▶ [What to work on] Each line of data below is to be returned exactly, leaving out any picture.
##### Information provided #####
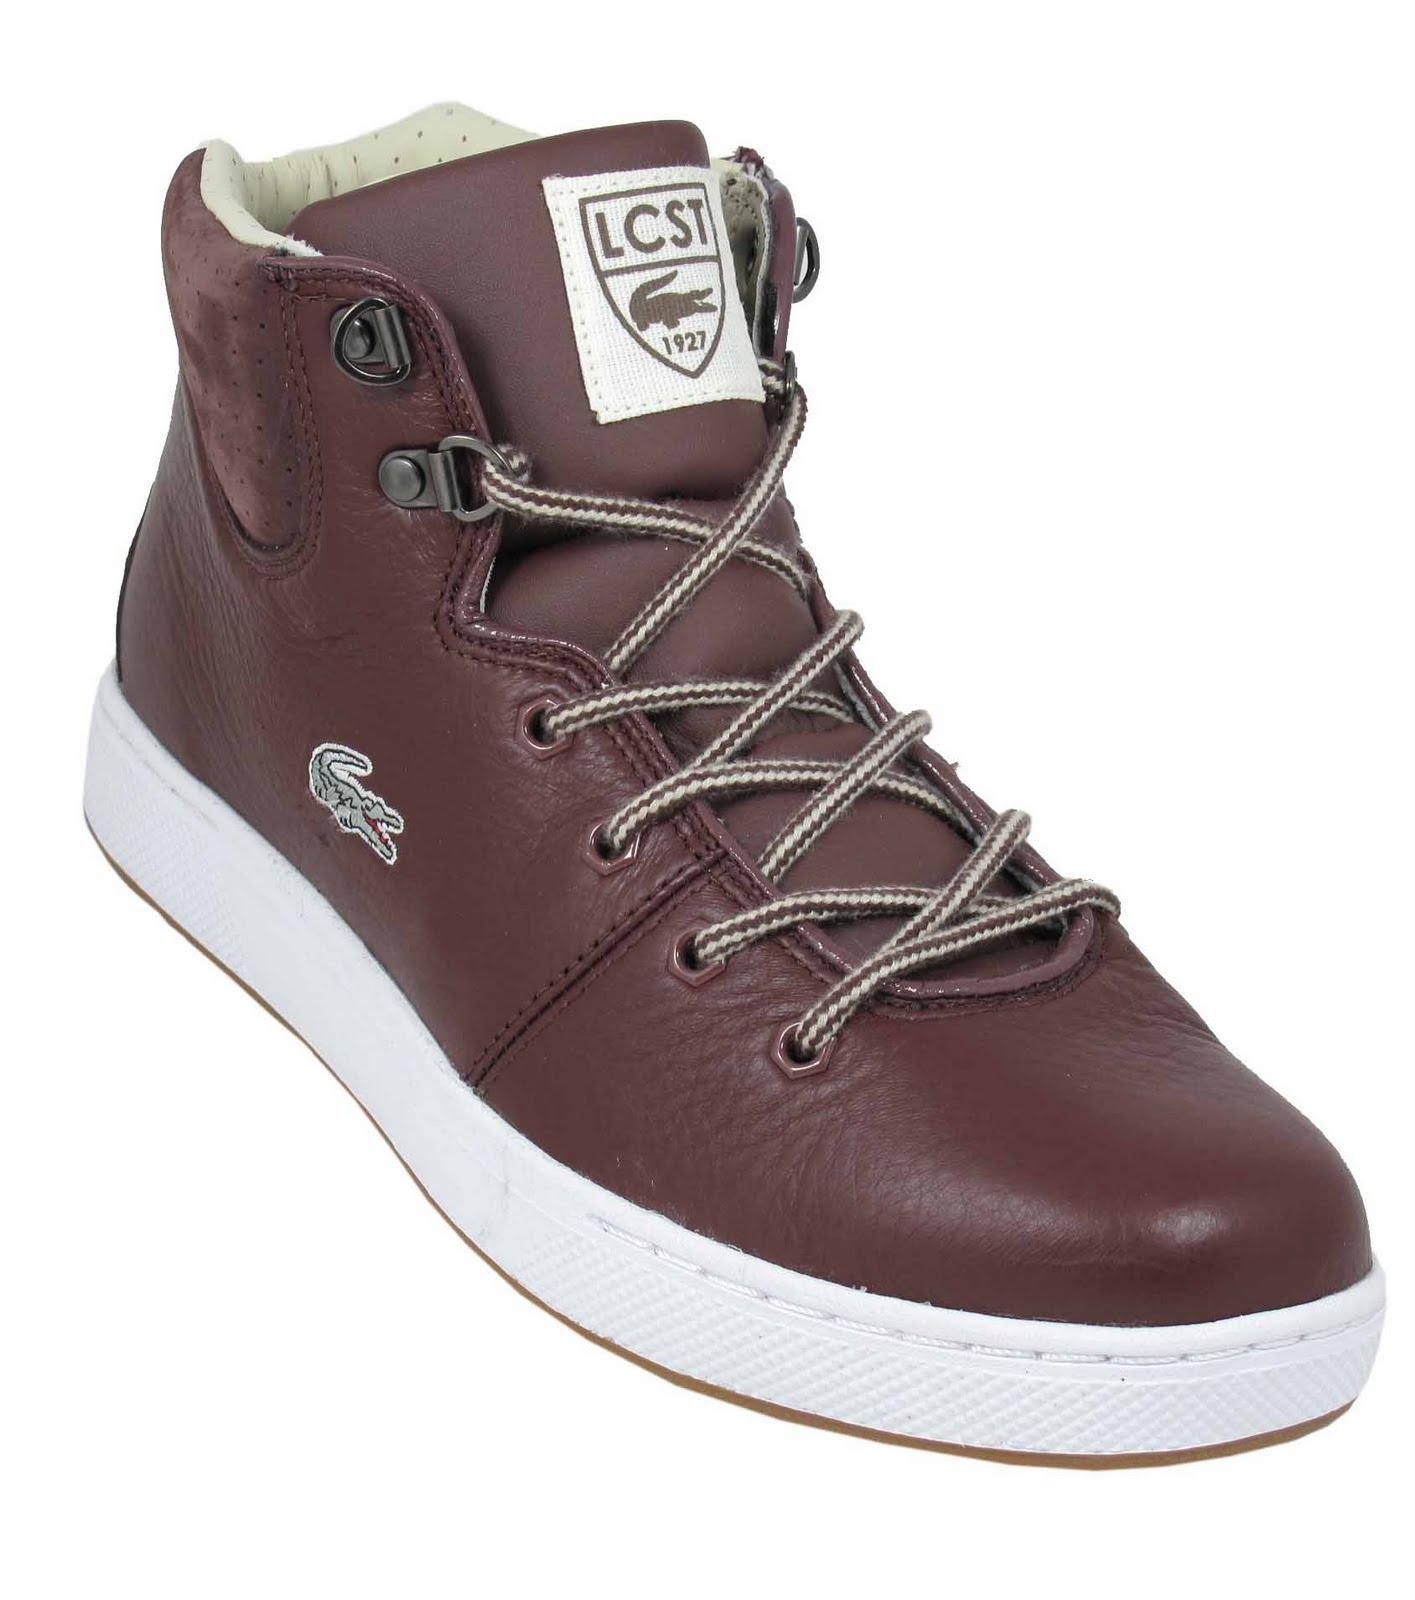 Original   Women39s  Lacoste Women39s Baylen Leather Faux Fur Winter Boots
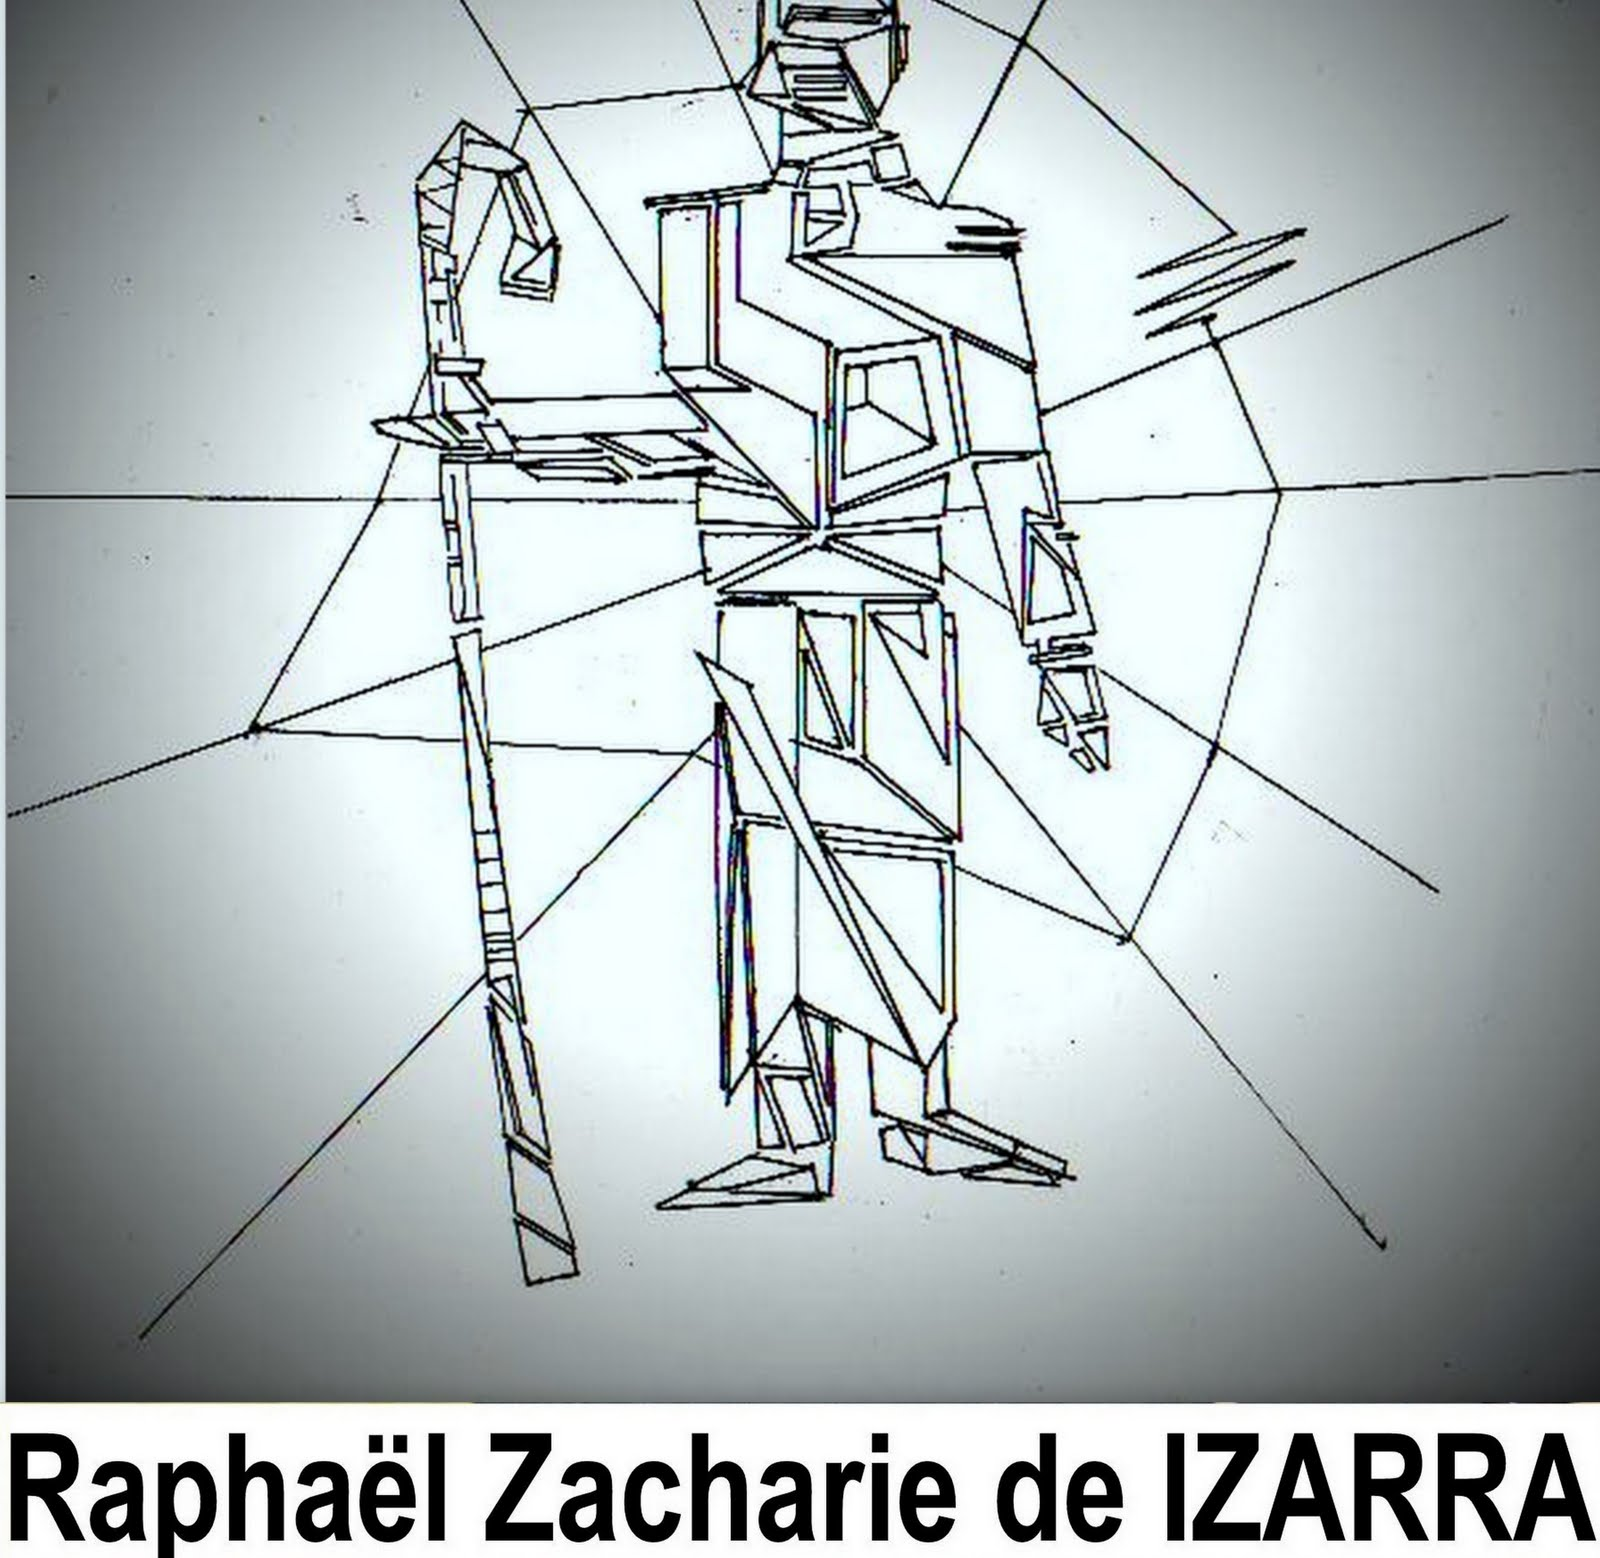 msd btm install axxess wiring diagram raphaël zacharie de izarra ovni warloy baillon ufo: - warloy-baillon ...
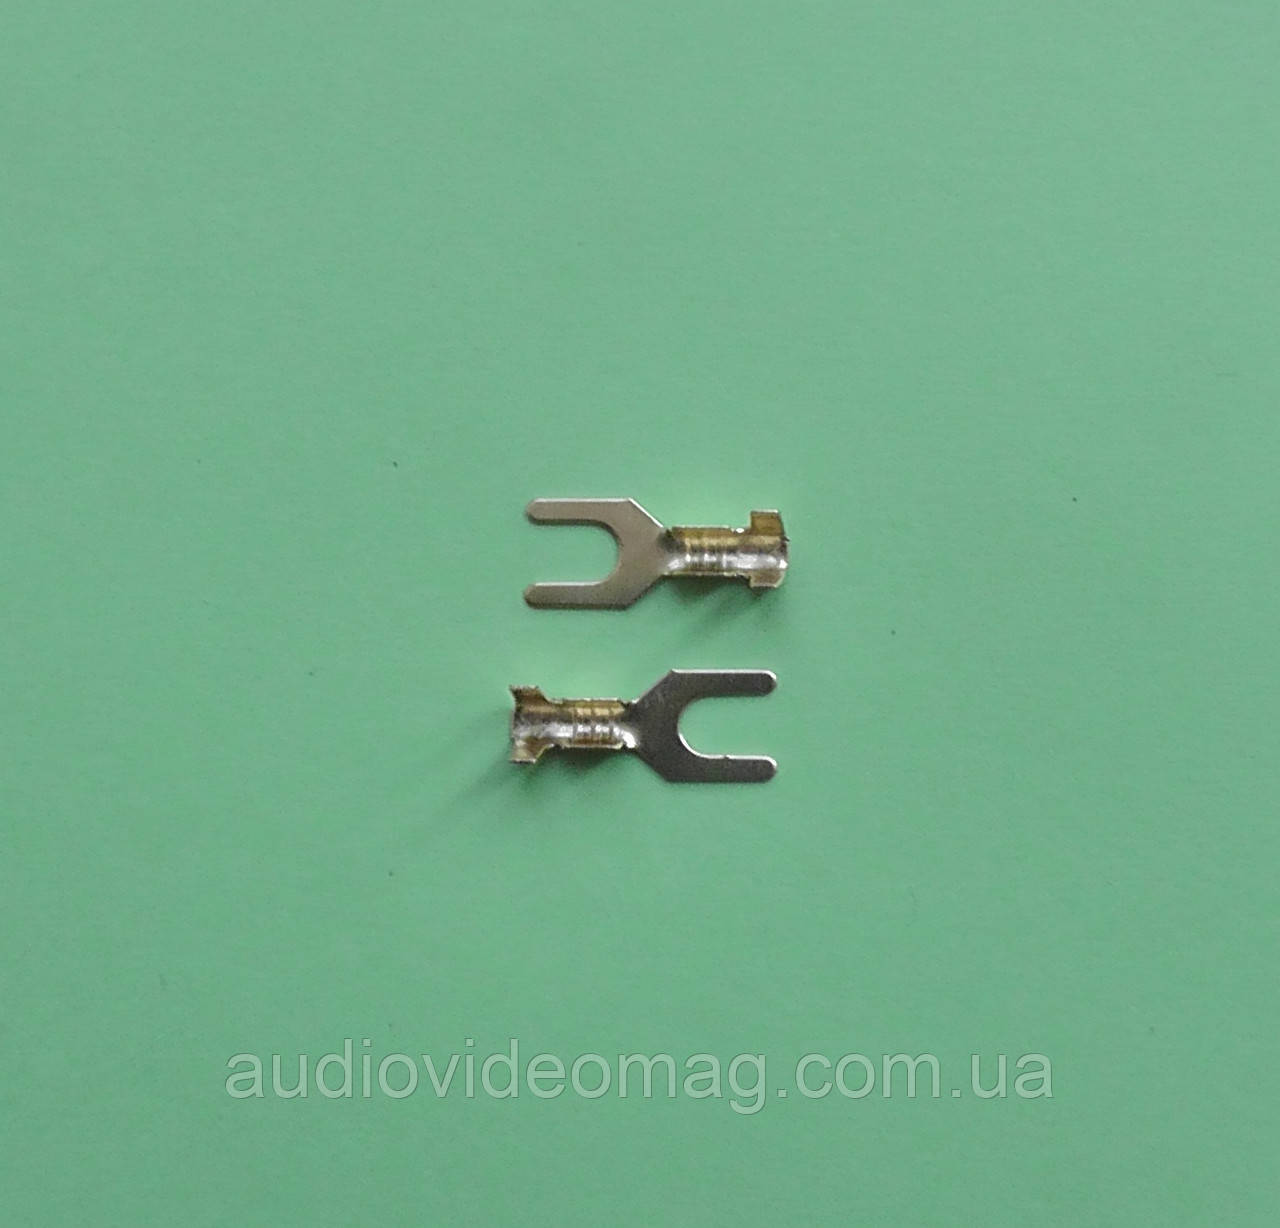 Клемма вилочная под контакт 3 мм , упаковка 50 шт.
#####
▶ [Answer section]
 Original   Women39s  Lacoste Women39s Baylen Leather Faux Fur Winter Boots
 msd btm install axxess wiring diagram raphaël zacharie de izarra ovni warloy baillon ufo: - warloy-baillon ...
 Клемма вилочная под контакт 3 мм , упаковка 50 шт.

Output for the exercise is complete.